如何使用 SwiftUI 和 Combine 将 child 视图的状态更改传播到 parent 视图?
How to use SwiftUI and Combine to propagate state changes of child View to parent View?
我如何使用 SwiftUI 和 Combine,让最上面的 View 的状态取决于其包含的 SubView 的状态,该状态由依赖于 its[= 的其他标准确定64=] 包含 SubSubView?
场景
我有以下视图层次结构:V1 包含 V2,V2 包含 V3。
V1 是一般的,主要是装饰性的,'wrapper' 特定设置视图 V2,并包含一个 "Save" 按钮。 Bool
类型按钮的禁用状态应取决于 V2 的 save-ability 状态。
V2是具体的设置视图。 哪个类型的V2,显示的具体设置,根据我程序的其余部分可能会有所不同。保证能够确定其save-ability。它包含一个 Toggle 和 V3,一个 MusicPicker。 V2 的 save-ability 依赖于标准处理 V3 的 selection-state 及其 Toggle-state.

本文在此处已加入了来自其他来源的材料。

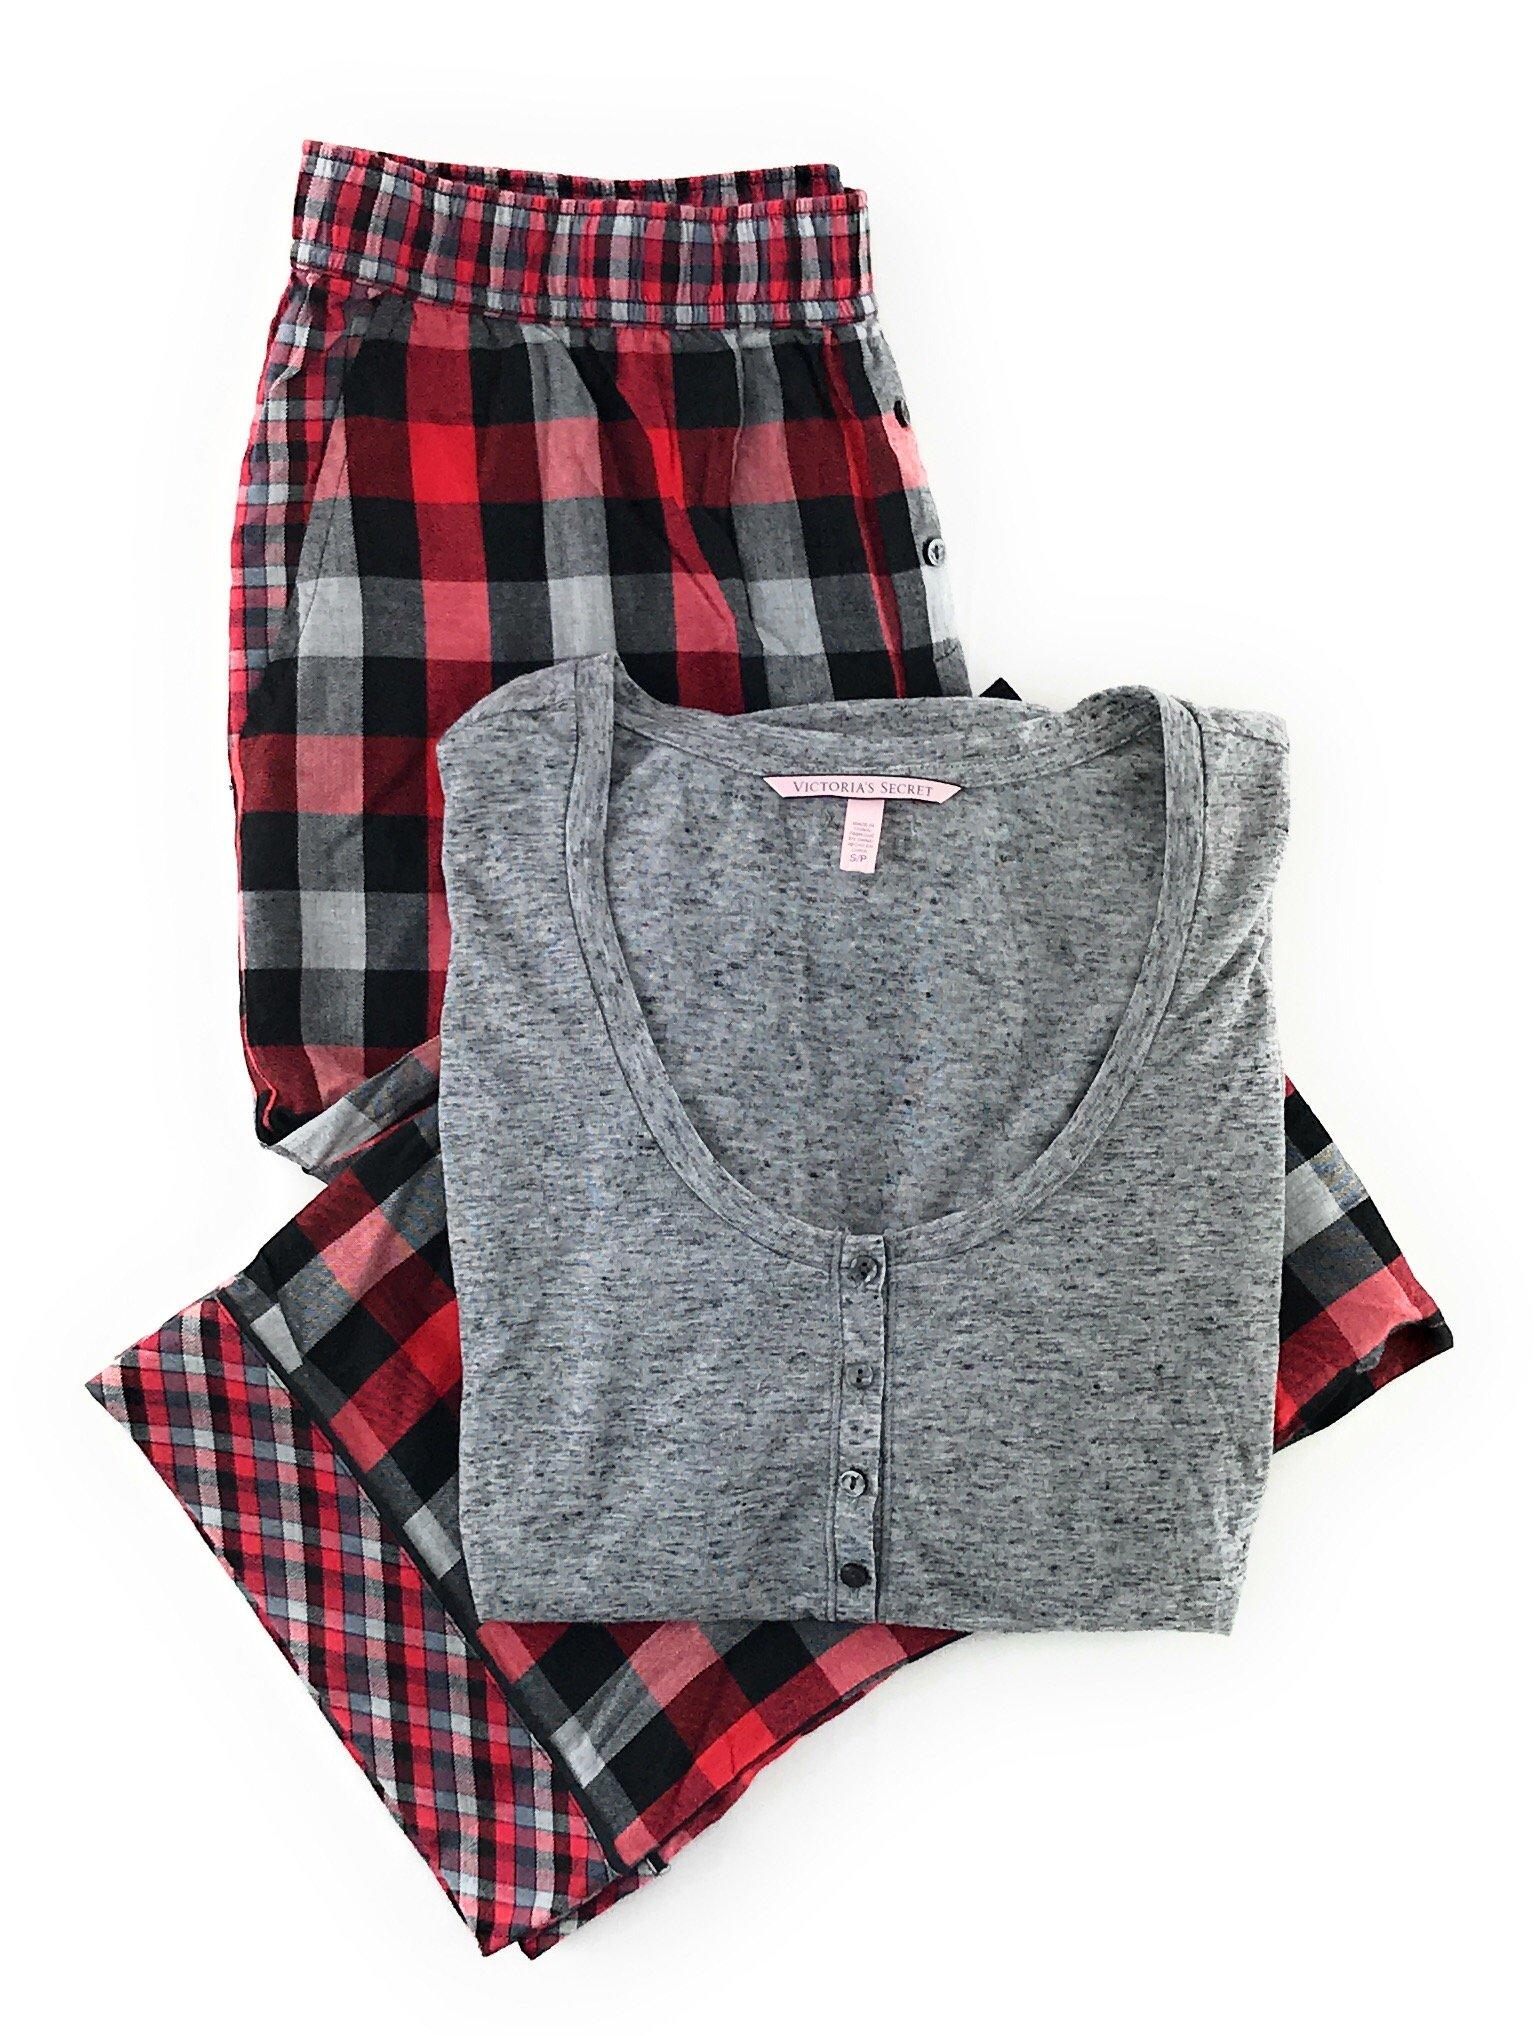 Victoria's Secret Dreamer Henley Pajama Set Light Gray/Red Black Gray Plaid Medium by Victoria's Secret (Image #1)

V3 是具有 selection-state 类型 Int?
的通用 'MusicPicker' 视图。它可以与任何 parent 一起使用,双向通信其 selection-state.
A Binding
通常应该用于在两个视图之间来回通信。因此,V1 和 V2 以及 V2 和 V3 之间可能存在绑定。然而,就我 know/understand 而言,V2 cannot/should 不会对 V3 的绑定值更改做出反应并将此(连同其他标准)传回 V1。我可以使用 ObservableObject
s 与 V1 和 V2 共享一个 save-ability 并与 V2 和 V3 共享一个 selection-state,但我不清楚如何将 V3 的 ObservableObject 更改与其他标准集成设置 V1 的 ObservableObject。
例子
使用 @State
和 @Binding
/* V1 */
struct SettingsView: View {
@State var saveable = false
var body: some View {
VStack {
Button(action: saveAction){
Text("Save")
}.disabled(!saveable)
getSpecificV2(saveable: $saveable)
}
}
func getSpecificV2(saveable: Binding<Bool>) -> AnyView {
// [Determining logic...]
return AnyView(SpecificSettingsView(saveable: saveable))
}
func saveAction(){
// More code...
}
}
/* V2 */
struct SpecificSettingsView: View {
@Binding var saveable: Bool
@State var toggled = false
@State var selectedValue: Int?
var body: some View {
Form {
Toggle("Toggle me", isOn: $toggled)
CustomPicker(selected: $selectedValue)
}
}
func someCriteriaProcess() -> Bool {
if let selected = selectedValue {
return (selected == 5)
} else {
return toggled
}
}
}
/* V3 */
struct CustomPicker: View {
@Binding var selected: Int?
var body: some View {
List {
Text("None")
.onTapGesture {
self.selected = nil
}.foregroundColor(selected == nil ? .blue : .primary)
Text("One")
.onTapGesture {
self.selected = 1
}.foregroundColor(selected == 1 ? .blue : .primary)
Text("Two")
.onTapGesture {
self.selected = 2
}.foregroundColor(selected == 2 ? .blue : .primary)
}
}
}
在此示例代码中,我基本上需要让 saveable
依赖于 someCriteriaProcess()
。
使用ObservableObject
为了回应 Tobias 的回答,一种可能的替代方法是使用 ObservableObject
s。
/* V1 */
class SettingsStore: ObservableObject {
@Published var saveable = false
}
struct SettingsView: View {
@ObservedObject var store = SettingsStore()
var body: some View {
VStack {
Button(action: saveAction){
Text("Save")
}.disabled(!store.saveable)
getSpecificV2()
}.environmentObject(store)
}
func getSpecificV2() -> AnyView {
// [Determining logic...]
return AnyView(SpecificSettingsView())
}
func saveAction(){
// More code...
}
}
/* V2 */
struct SpecificSettingsView: View {
@EnvironmentObject var settingsStore: SettingsStore
@ObservedObject var pickerStore = PickerStore()
@State var toggled = false
@State var selectedValue: Int?
var body: some View {
Form {
Toggle("Toggle me", isOn: $toggled)
CustomPicker(store: pickerStore)
}.onReceive(pickerStore.objectWillChange){ selected in
print("Called for selected: \(selected ?? -1)")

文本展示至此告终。